Discover the Story Behind a Legendary Exposé of the Brutality of the Soviet Union
Published on this day in 1973, “The Gulag Archipelago” drew on Russian writer Aleksandr Solzhenitsyn’s experiences as a political dissident in a prison camp, but it left him deported and stateless for the next two decades
By 1973, Aleksandr Solzhenitsyn was already “Russia’s pre‐eminent living writer,” according to the New York Times. His novels, including One Day in the Life of Ivan Denisovich, were well regarded, especially in the West. He had even won the 1970 Nobel Prize for Literature for “the ethical force with which he has pursued the indispensable traditions of Russian literature.”
But The Gulag Archipelago, published on December 28, 1973, by YMCA-Press in Paris, stood alone. Solzhenitsyn called it his “main” work, threading personal experience, history and literature into a sprawling 300,000-word narrative of Soviet prison camps. His broaching of this taboo topic, however, came at a great personal cost.
Solzhenitsyn’s troubles with Soviet authorities began in 1945. He was a member of the Soviet Army at the time, stationed in East Prussia as World War II drew to a close. Agents from Smersh, a Soviet spy agency, arrested the 26-year-old, who had been decorated for heroism in battle and was at the time a loyal Communist Party member, because he referred to Joseph Stalin disrespectfully in a letter to an old friend.

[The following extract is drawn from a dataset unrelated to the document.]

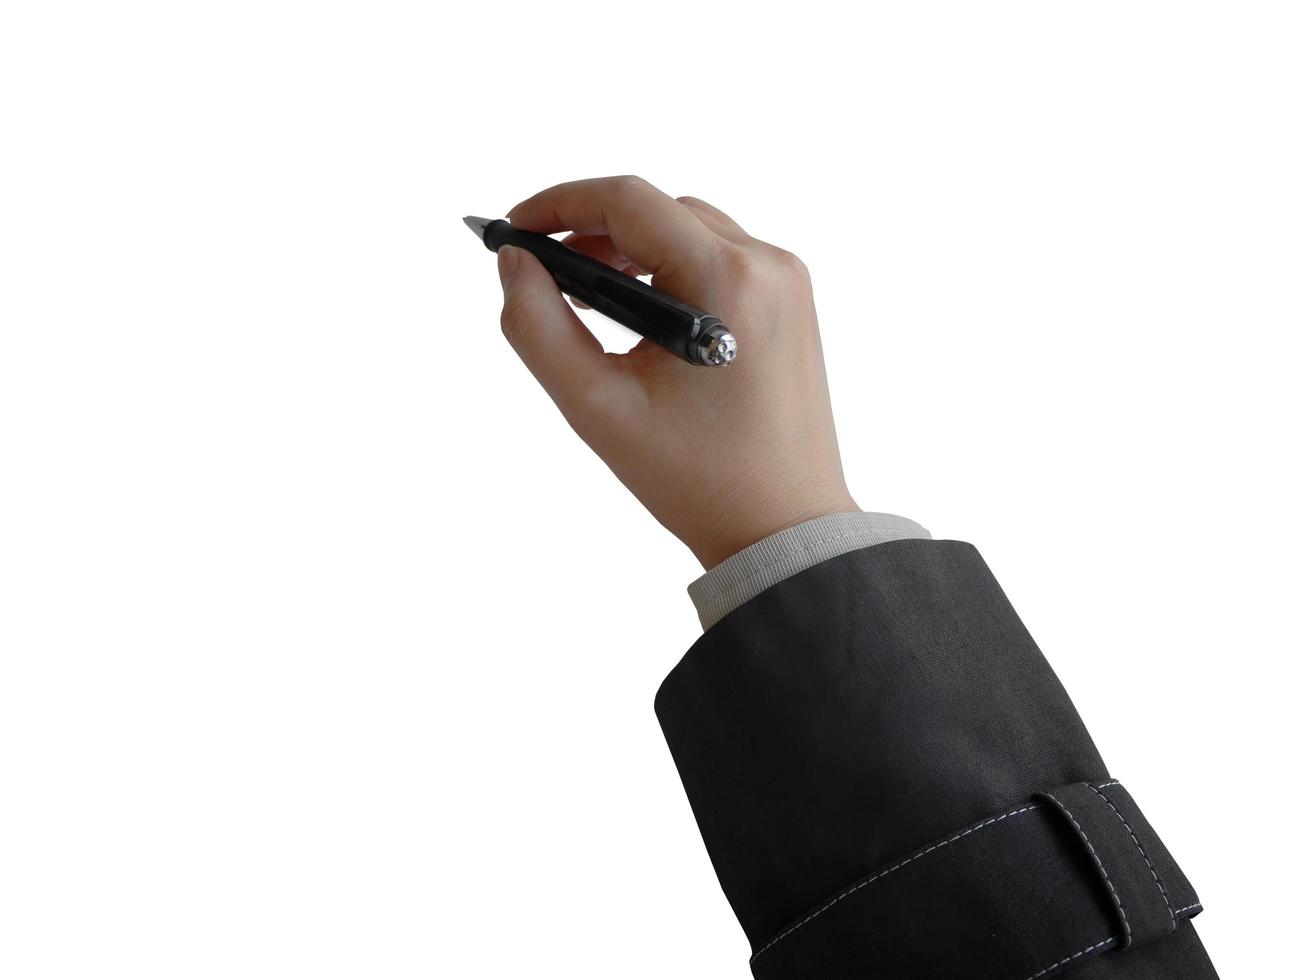 Isolierte weibliche Hand, die einen Stift im Geschäftsstil hält, für Präsentationselement foto

A court sentenced him to eight years in the constellation of brutal prison camps across the Soviet Union that he later called the “gulag archipelago.”
“This Archipelago crisscrossed and patterned that other country within which it was located, like a gigantic patchwork, cutting into its cities, hovering over its streets,” Solzhenitsyn wrote in the preface to The Gulag Archipelago, which he composed between 1958 and 1968. “Yet there were many who did not even guess at its presence and many, many others who had heard something vague. And only those who had been there knew the whole truth.”
As Solzhenitsyn suggested, writing about the gulag system was verboten in large part because Soviet authorities sought to deny or obfuscate its very existence. Forced labor camps in the Soviet Union began in 1919 under Vladimir Lenin, but their population ballooned into the millions when Stalin rose to power. Under Stalin, more and more intellectuals, dissidents, prisoners of war, rich farmers and innocent people were persecuted, arrested and purged.
In the three-volume book, Solzhenitsyn offered a sweeping story of the Soviet prison system—from arrest to torture, execution, starvation and long hours of toil in the camps. He drew from his personal experience and interviews with hundreds of survivors. The New York Times called the text “a heroic accomplishment.”
Its official reception in the Soviet Union, however, was less enthusiastic due to Solzhenitsyn’s argument that the gulag system was not just an aberration under Stalin, but embedded deep in the rotting core of Soviet ideology.
In the aftermath of The Gulag Archipelago’s publication, Solzhenitsyn was deported from the USSR and stripped of his citizenship. At first he went to West Germany and stayed with leading postwar German author Heinrich Böll. After brief stints in Zurich and Canada, he and his family settled in Cavendish, a village in rural Vermont. In exile—yet close to Dartmouth College’s extensive library—the author labored away on his epic multi-volume novel about the Russian Revolution, The Red Wheel.
Solzhenitsyn’s exploration and critique of Soviet history and authoritarian power never ceased. Neither did his desire to return home from an long exile that began with his arrest in 1945—the moment when, he wrote, “the gate behind us, the gate to our past life, is slammed shut once and for all.”